I da Mitt (mid-range): Conveniently located in the central square, I da Mitt offers both dining options and comfortable accommodation with a complimentary daily breakfast buffet.  The hotel’s rooms and suites are elegantly decorated in a traditional Austrian style, featuring wooden furnishings and floors, and some even have exposed wooden beams, enhancing its rustic charm. 

Polreich: Experience a waterfront oasis where you’ll feel as though you’re floating on the lake, surrounded by magnificent mountains. Wake up each day to a mouthwatering breakfast and stunning views right outside your window. 

When to Visit Hallstatt

No matter what time of year you choose to visit, Hallstatt’s enchanting allure remains ever-present, whether it’s blanketed in snow, adorned with the vibrant colors of autumn, or bursting with verdant greenery. Therefore, determining the best time to visit Hallstatt depends on your preferences and what you want to experience during your trip. 

If your goal is to steer clear of crowds, keep in mind that summer is the busiest season, but winter can also be bustling, particularly during the Christmas period. However, if you plan on exploring other destinations such as the Salt Mine or the Dachstein Caves, the best time to visit is from late spring to early autumn. 

And if you’re hoping to visit this lovely village for a special event, we’ve got you covered. 

— special events in hallstatt —

| June (Thursday after Trinity Sunday) – Corpus Christi Procession: This is a centuries-old tradition that originated in the old salt-mining village when the Jesuits held colorful processions. Due to limited space, the procession moved to the Hallstätter See on salt-carrying ships and traditional boats decorated with flowers and garlands, providing locals with a beautiful view of the “Salt Mountain,” which had been their source of income for thousands of years.

| 29th of November – St Nicholas crosses the lake: Every year, the charming shores of Lake Hallstatt are illuminated by the twinkling torches of Obertraun’s children, as they eagerly await the arrival of the legendary St.

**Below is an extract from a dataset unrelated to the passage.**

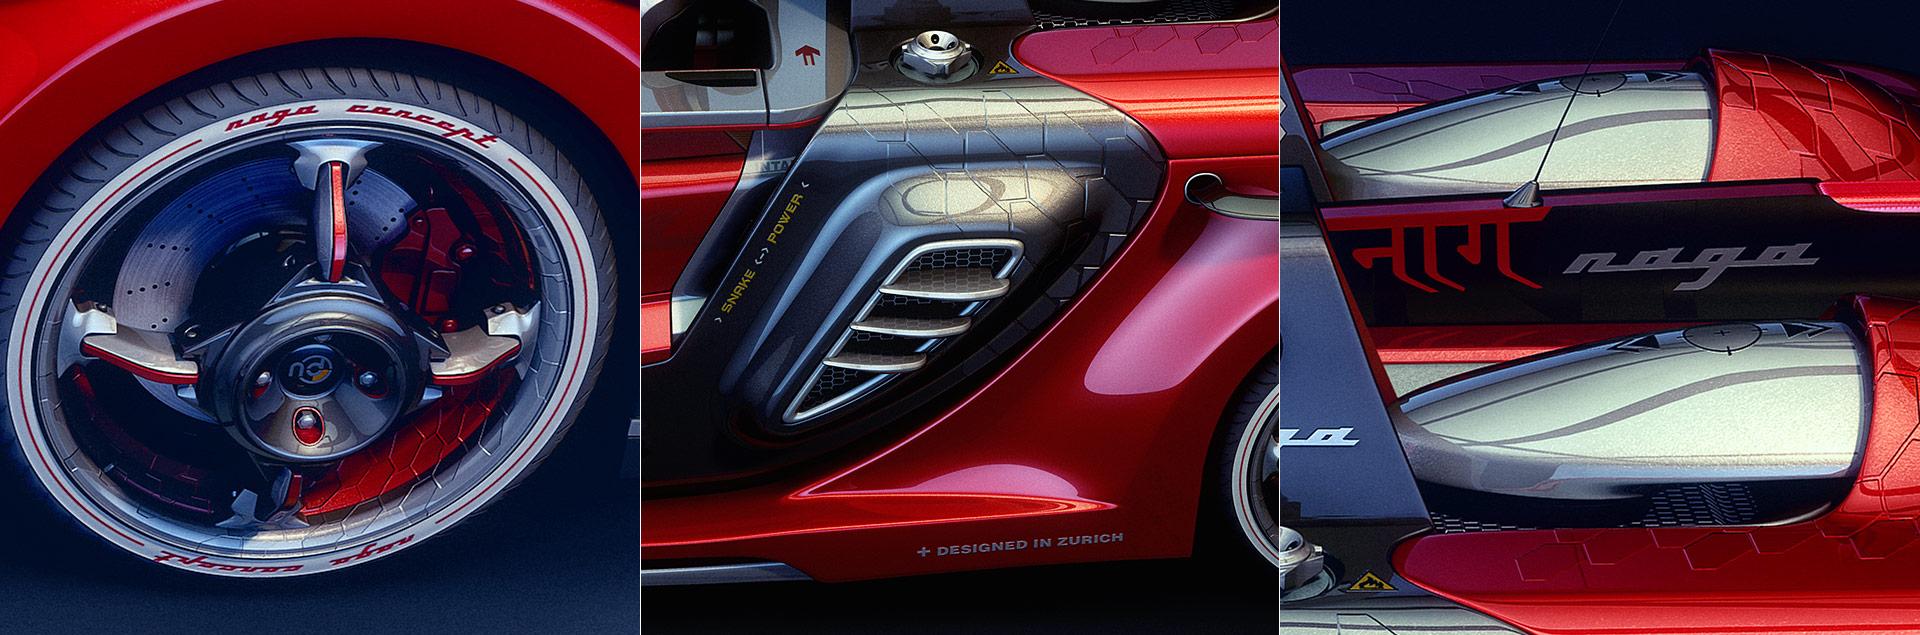 Naga-Concept-Car-Nitin-Design

Nicholas. He crosses the lake in a traditional wooden boat, carrying a generous sack filled to the brim with mouth-watering apples, nuts, and chocolate. 

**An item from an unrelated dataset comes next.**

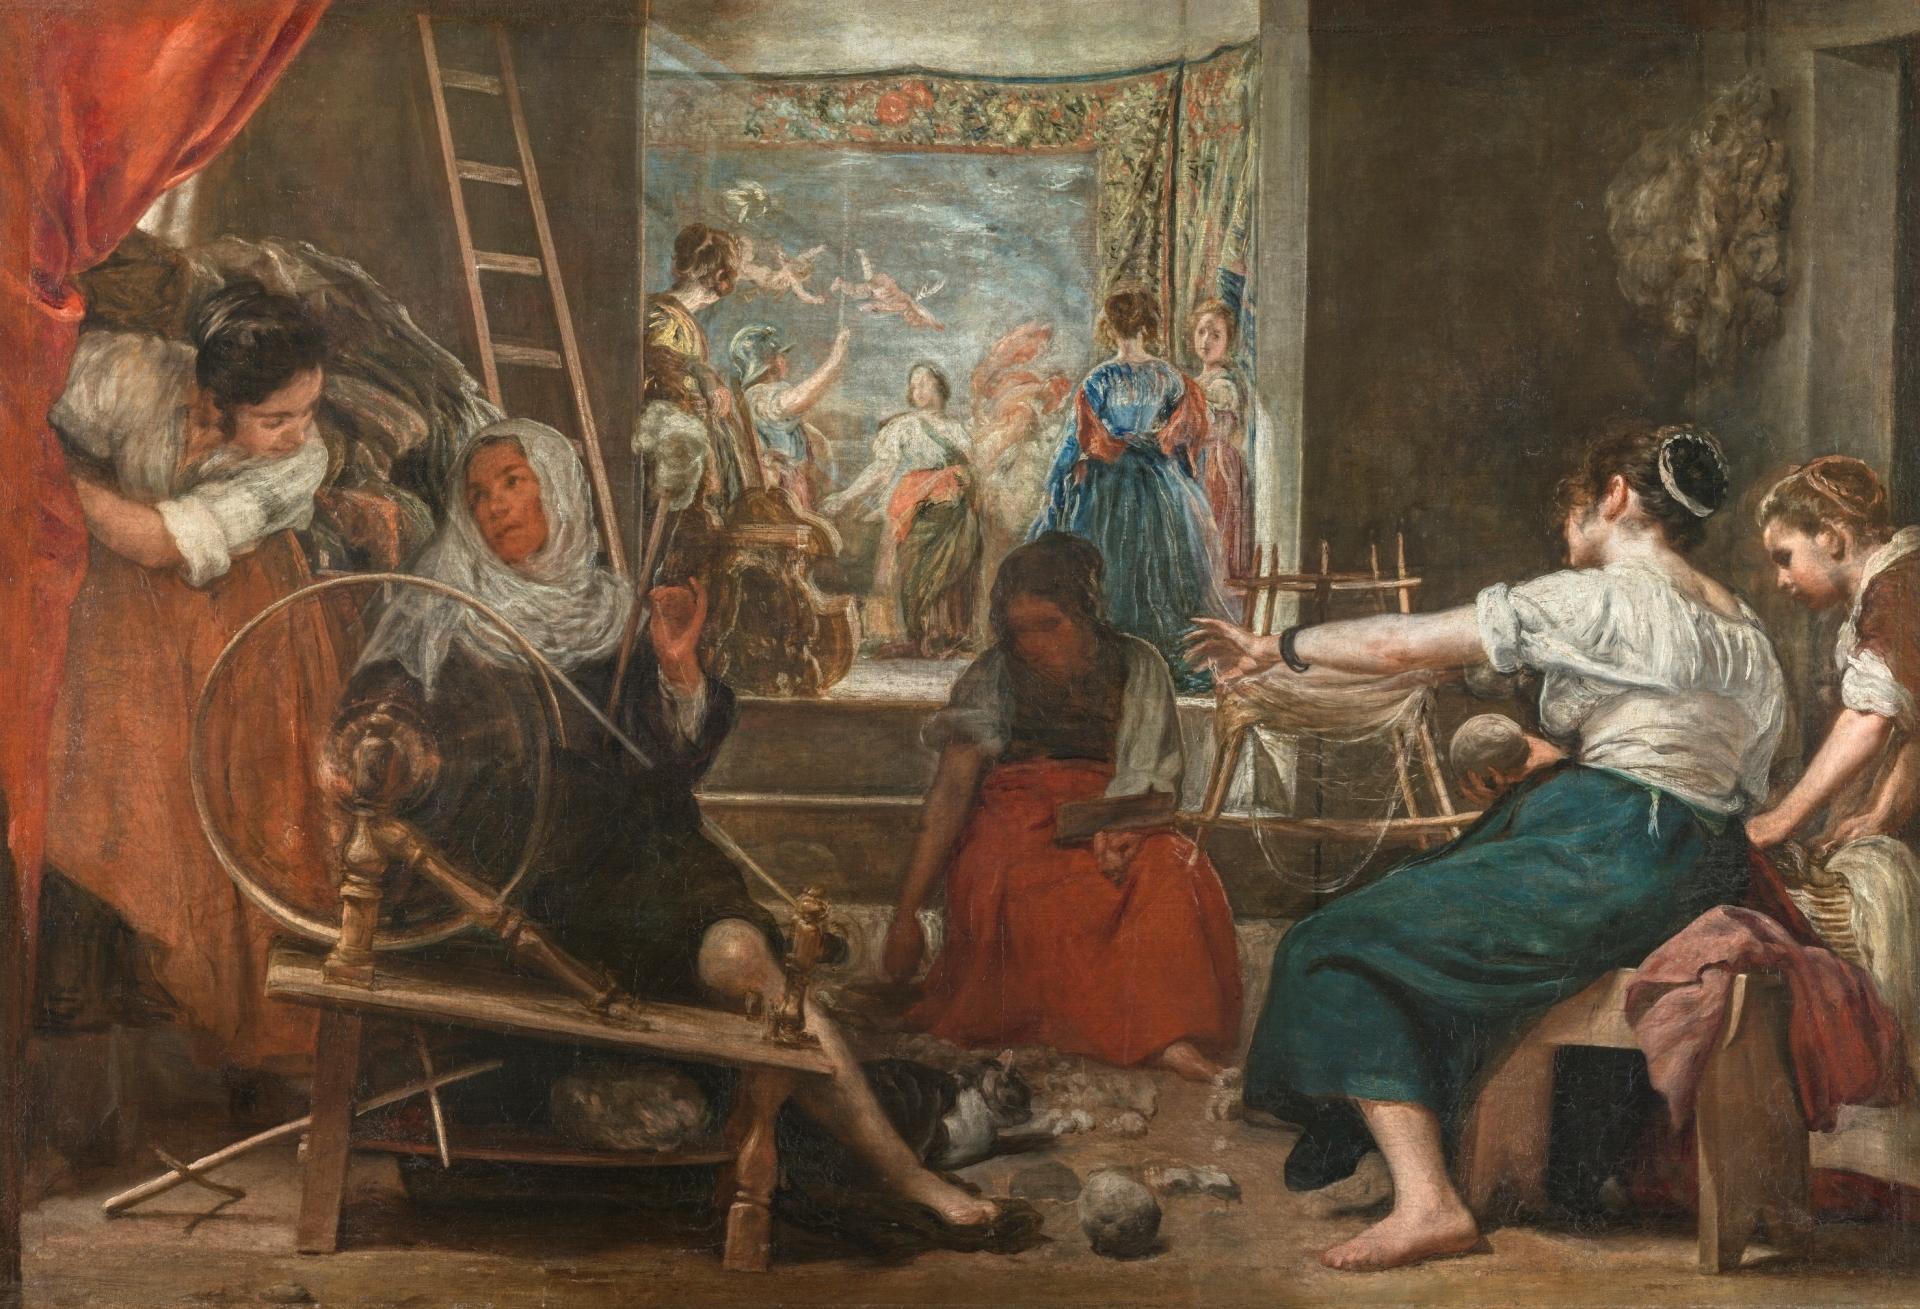 Las hilanderas o la fábula de Aracne. Autor: Diego Velázquez

| 5th of December – Krampus Procession: On the Eve of St. Nicholas, the Krampus tradition comes to life as locals dressed in spine-chilling, hand-crafted masks descend from the Hirlatz Cave, perched high above Hallstatt. While St. Nicholas rewards good behavior, the Krampus take it upon themselves to punish the naughty children. 

| 8th of December – Hallstatt Christmas Market: The Hallstatt Christmas Market is open for only one day each year. Marvel at the intricate three-dimensional crib scene and tantalize your taste buds with the famous Christmas cookies and spicy smoked fish, freshly caught from the nearby Lake Hallstatt. 

Hallstatt Map

From its idyllic location nestled between mountains and the serene lake to its rich cultural heritage and fascinating history, there is no shortage of reasons why Hallstatt is worth a visit. So if you’re planning a trip to Austria, be sure to include a stop in this enchanting village and discover for yourself what makes Hallstatt the jewel of the Salzkammergut.